África é o destino preferido das personagens de filme irremediavelmente românticas. Penso em Rimbaud e na sua desistência fulgurante, os longos anos passados como comerciante, tentando esquecer a sua vocação de artista maldito. Mas Rimbaud não é personagem de filme. Vou saltar também Rudolfo Valentino e os filmes do deserto, e Humphrey Bogart e Ingrid Bergman perdidos de amor em Casablanca. O rosto duro e luminoso de Peter O'Toole como Lawrence já me diz mais, serve de contributo para a minha geneologia pessoal do ocaso. Vou desembocar fatalmente em Um Chá no Deserto, em Debra Winger raptada por berberes e tomada pelo calor das areias, John Malkovich uma sombra projectando-se contra o céu de zinco que se abate sobre as infinitas dunas.
Eles viajam para se perderem de si próprios. O cliché imagético e literário recorda-nos o fatalismo de África. Se não contarmos com (alguns) filmes de Atom Egoyan ou Sharunas Bartas, ninguém foge do mundo procurando refúgio nas paisagens geladas do Ártico. Não há qualquer mistério no facto. O frio e o gelo tornam a solidão humana menos significativa. A paisagem nórdica é desoladora, mas no mau sentido, inspira apenas quem nela habita ao recolhimento e à mísera depressão sazonal, vazia e passageira. A existência vacila quando a temperatura sobe, terá a ver com a nossa condição de animais de sangue quente. Esqueçamos Kierkegaard. Esqueçamos Stig Dagerman - essa vergonhosa paixão de adolescência. Voltemos a Paul Bowles e a Al Berto, a Luís Miguel Nava e a Malcolm Lowry (o calor mexicano é o espelho do calor sahariano), a Camus, regressemos a David Lean, Ondaatje e Bertollucci.
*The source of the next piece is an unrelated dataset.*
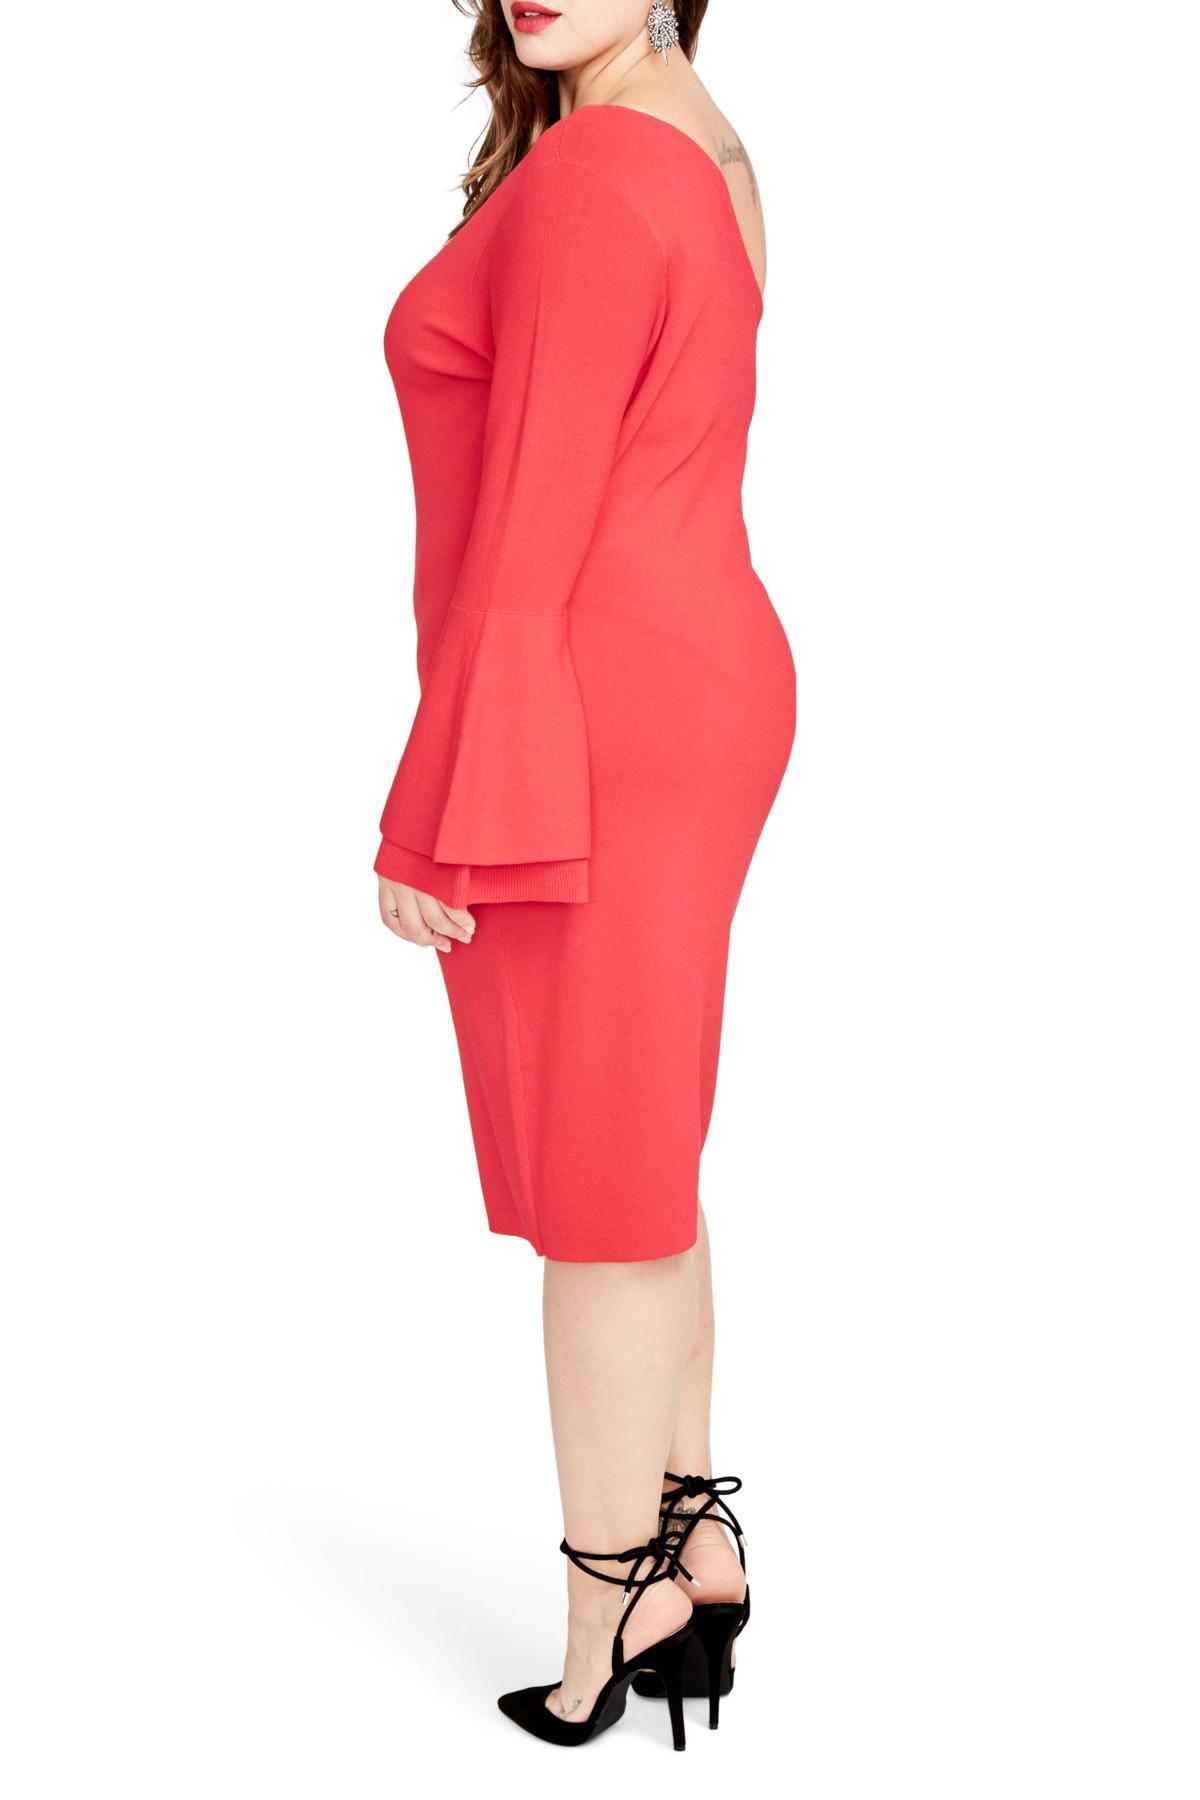 bb29b84c44042 RACHEL Rachel Roy - Red One-shoulder Knit Sheath Dress (plus Size) -. View  fullscreen

O paradoxo do deserto: como, em tal vastidão libertadora, pode o Homem sentir o apelo da morte? Camus é um exemplo desta irreparável falha. Se compreendemos em Kafka o sortilégio da representação do medo humano, porque sabemos como a Praga daquele tempo poderia ser inspiradora, mais admirável se torna a obra do escritor francês. Conseguir transpôr para o deserto norte-africano a angústia experimentada por Kafka - e, por extensão, pelo ser humano - não é apenas um feito, é inevitável. A incompreensão perante os actos de Mersault torna-se avassaladora. Se o labirinto kafkiano não tem solução pela própria mecânica da encenação, as obras de Camus encerram em si um sentido trágico que imita o teatro grego. Em Kafka, o destino não intervém na acção das personagens; tudo é aleatório e imprevisível. Camus, por outro lado, dá a entender que desde o início tudo está previsto, a queda é inevitável. O deserto conduz os homens à perdição - e sem pathos.
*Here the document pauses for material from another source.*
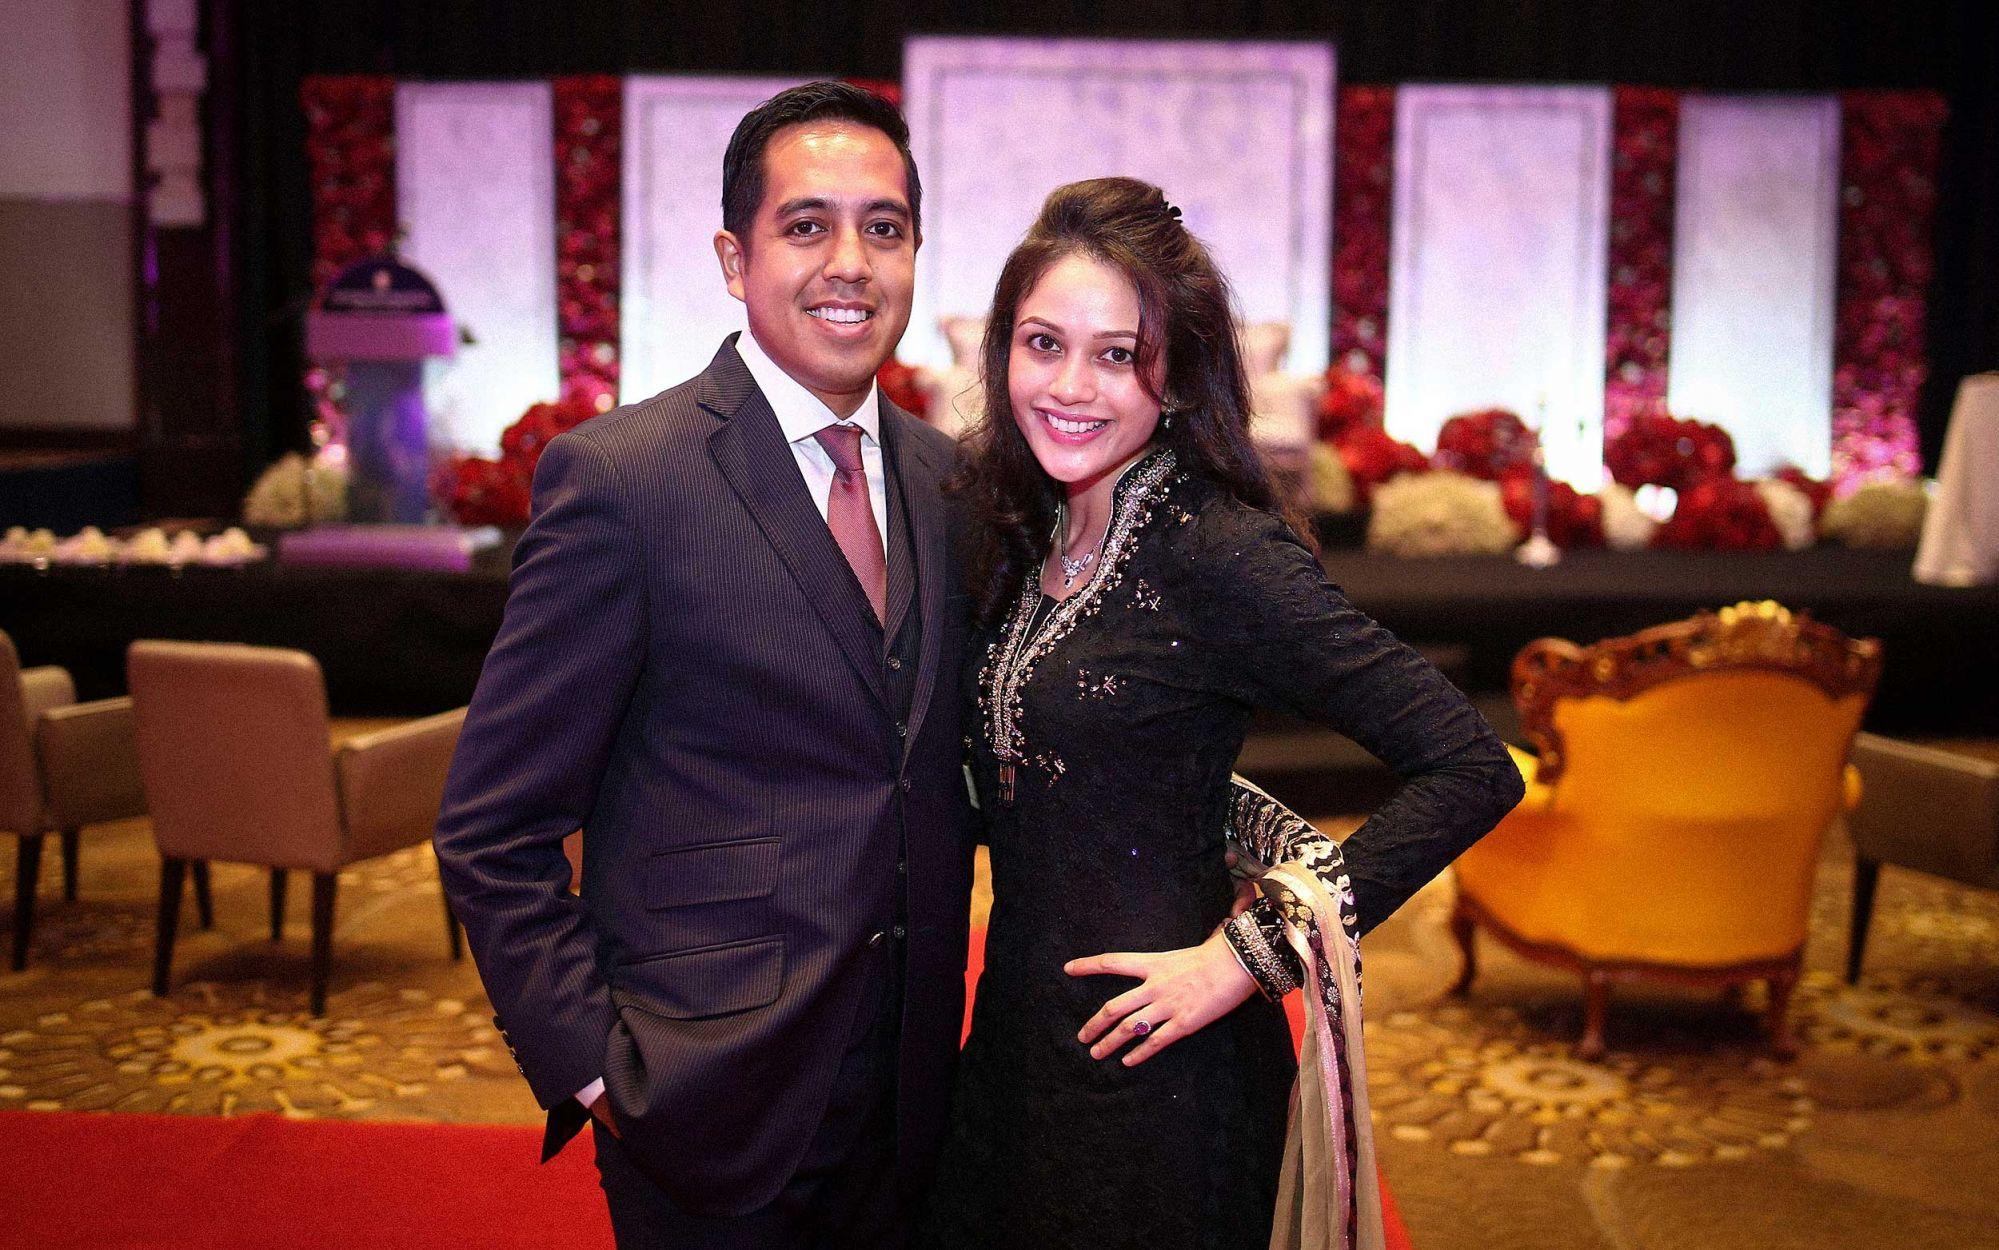 Nik Harris and Nataliah Md Noor

Por associação, recordo Caché, o filme de Haneke que, vou descobrindo, me deixou uma impressão profunda. A morte do amigo da infância, violenta vaga regressando do passado da personagem que Daniel Auteuil encarna, é marcante. Não por acaso, a personagem é argelina. A violência pode ser o resultado de milénios de convívio com as paisagens desérticas. A areia (tempo); o calor (corpo); e a extensão de luz até onde a vista abarca (eternidade). Faz sentido.